My zip is 83713 and I have heard nothing from DTV. My locals are received from my 2nd dish pointed at 72.5. Please let me know if you think this is going away as I have my S2 DTivo's configured (hacked 6.2a) exactly as i want them. If I need to change I guess I need to start researching very heavily my options.
Thanks


----------



## shibby191 (Dec 24, 2007)

Human123 said:


> My zip is 83713 and I have heard nothing from DTV. My locals are received from my 2nd dish pointed at 72.5. Please let me know if you think this is going away as I have my S2 DTivo's configured (hacked 6.2a) exactly as i want them. If I need to change I guess I need to start researching very heavily my options.
> Thanks


Yes they are going away and being moved to a new sat and will be in MPEG4 and thus you'll need new receivers. You haven't heard from DirecTV yet because they haven't started contacting anyone until next week and will do so in waves over the next few months. Like I mentioned above, *tons* of information on this at DBSTalk.


----------



## shibby191 (Dec 24, 2007)

For those that need a link here ya go: http://www.dbstalk.com/showthread.php?t=150603

Dozens of posts including from a DirecTV rep. DBSTalk is your source of general DirecTV info, this forum hasn't been for a couple years now unfortunately.


----------



## mclan (Mar 20, 2002)

Not sure if this is the right thread on which to post, but I understand Direct TV and Tivo are working together to create a DirecTV HD DVR with Tivo Service. This new DVR is expected out in May of this year, according to the DirecTV customer service rep I just spoke to.

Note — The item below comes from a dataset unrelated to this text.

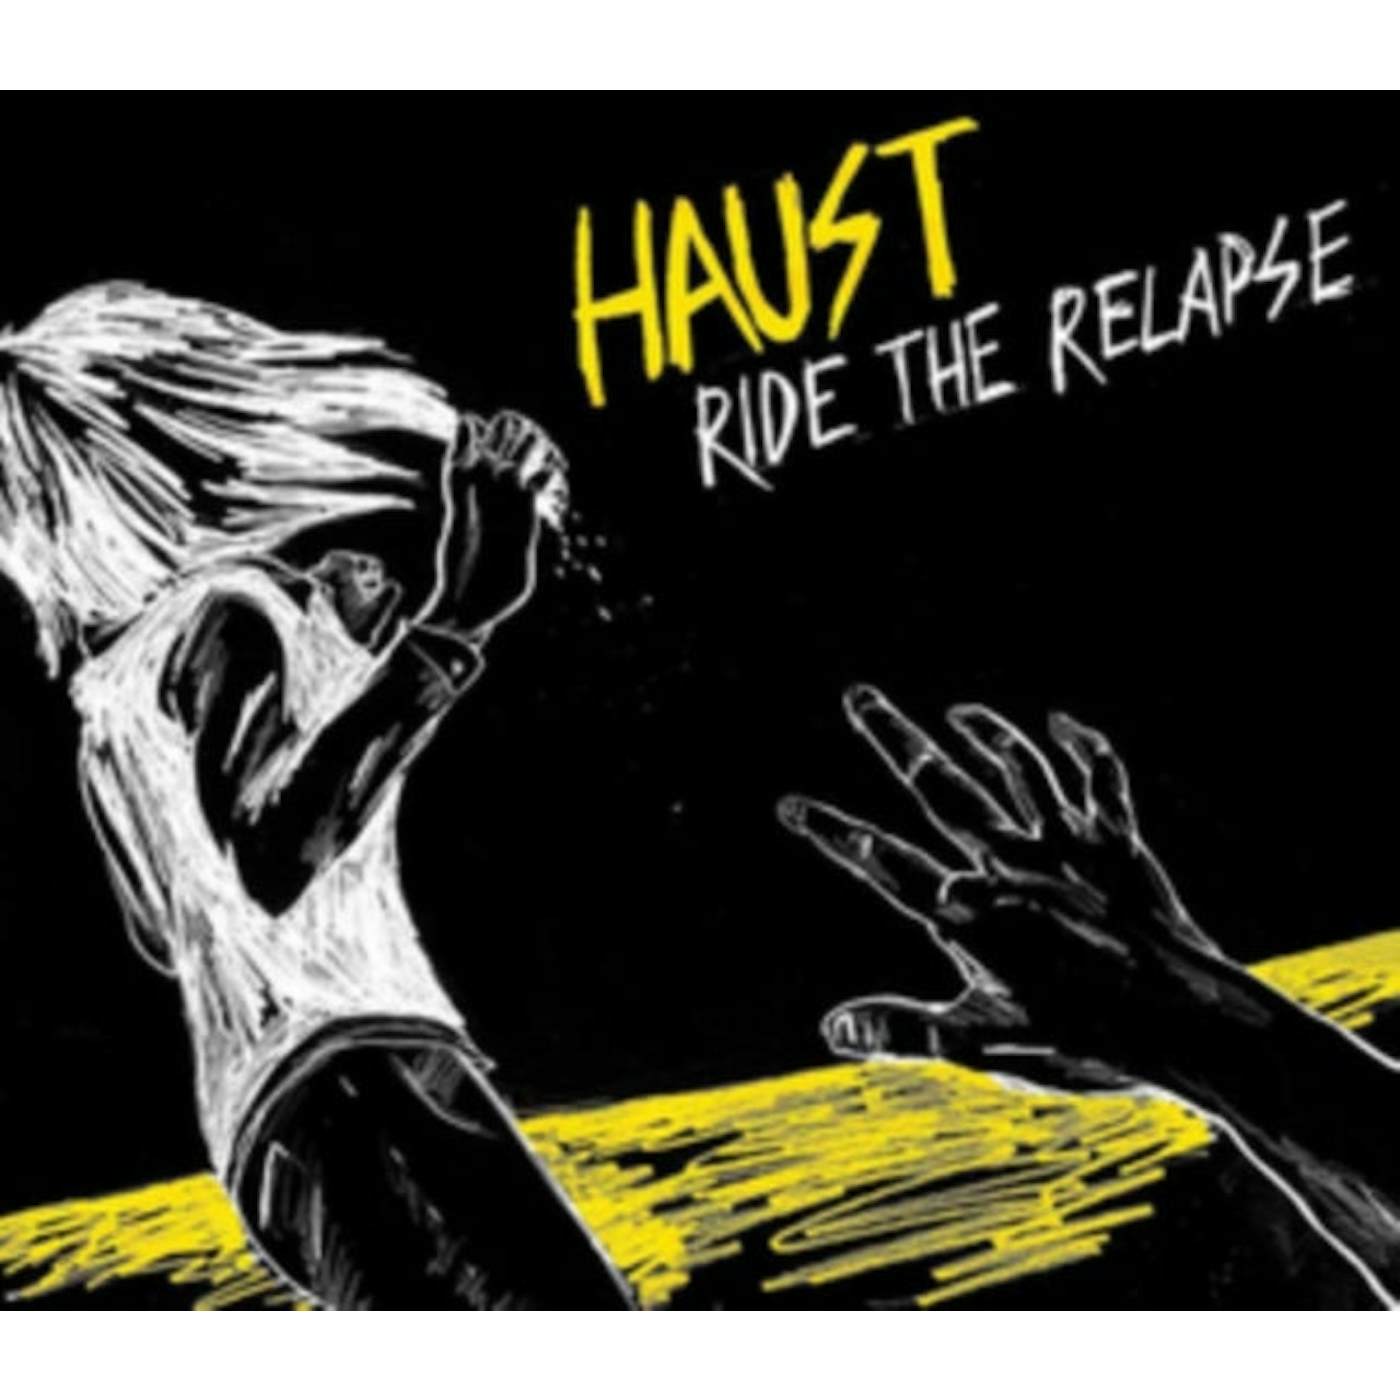 Haust CD - Ride The Relapse

We want to upgrade to an HD TV, but love Tivo AND hate cable, so we have put it off. Now it seems there's a ray of hope. Don't have any idea if things like Tivo to Go will be available, but the DirecTV rep I spoke to said it would definitely have all the basic Tivo features of searching, Season Passes, etc.

Anyone out there know anything else? Thoughts?


----------



## rbtravis (Aug 9, 2005)

It was announced for sometime near the end of the second half of 2009


----------



## stevel (Aug 23, 2000)

But current indications are that it has slipped to the first half of 2010.


----------



## rbtravis (Aug 9, 2005)

Sounds like TiVo has been hiring staff from Microsoft with all this date slippage.


----------



## shibby191 (Dec 24, 2007)

mclan said:


> This new DVR is expected out in May of this year, according to the DirecTV customer service rep I just spoke to.


That is incorrect. The press release last summer stated 2nd half of 2009. It has now been delayed (per Tivo CEO) into 2010.


----------



## twigg (Jul 30, 2002)

Yeah my zip is 52404, and I do have a round dish for locals on the other 72.5 sat. It sounds like I'll be upgrading whether I want to or not--though I've also not been contacted about it yet. At least from the posted info it seems we won't have to pay for any of the new equipment.


----------



## twigg (Jul 30, 2002)

I just spoke with a DirecTV rep on the phone who said that my area was not currently listed as requiring an upgrade due to the locals change, but that by the end of '09 all dual-dish-for-locals people will have to upgrade. So supposedly not now, but soon unfortunately.


----------



## shibby191 (Dec 24, 2007)

twigg said:


> I just spoke with a DirecTV rep on the phone who said that my area was not currently listed as requiring an upgrade due to the locals change, but that by the end of '09 all dual-dish-for-locals people will have to upgrade. So supposedly not now, but soon unfortunately.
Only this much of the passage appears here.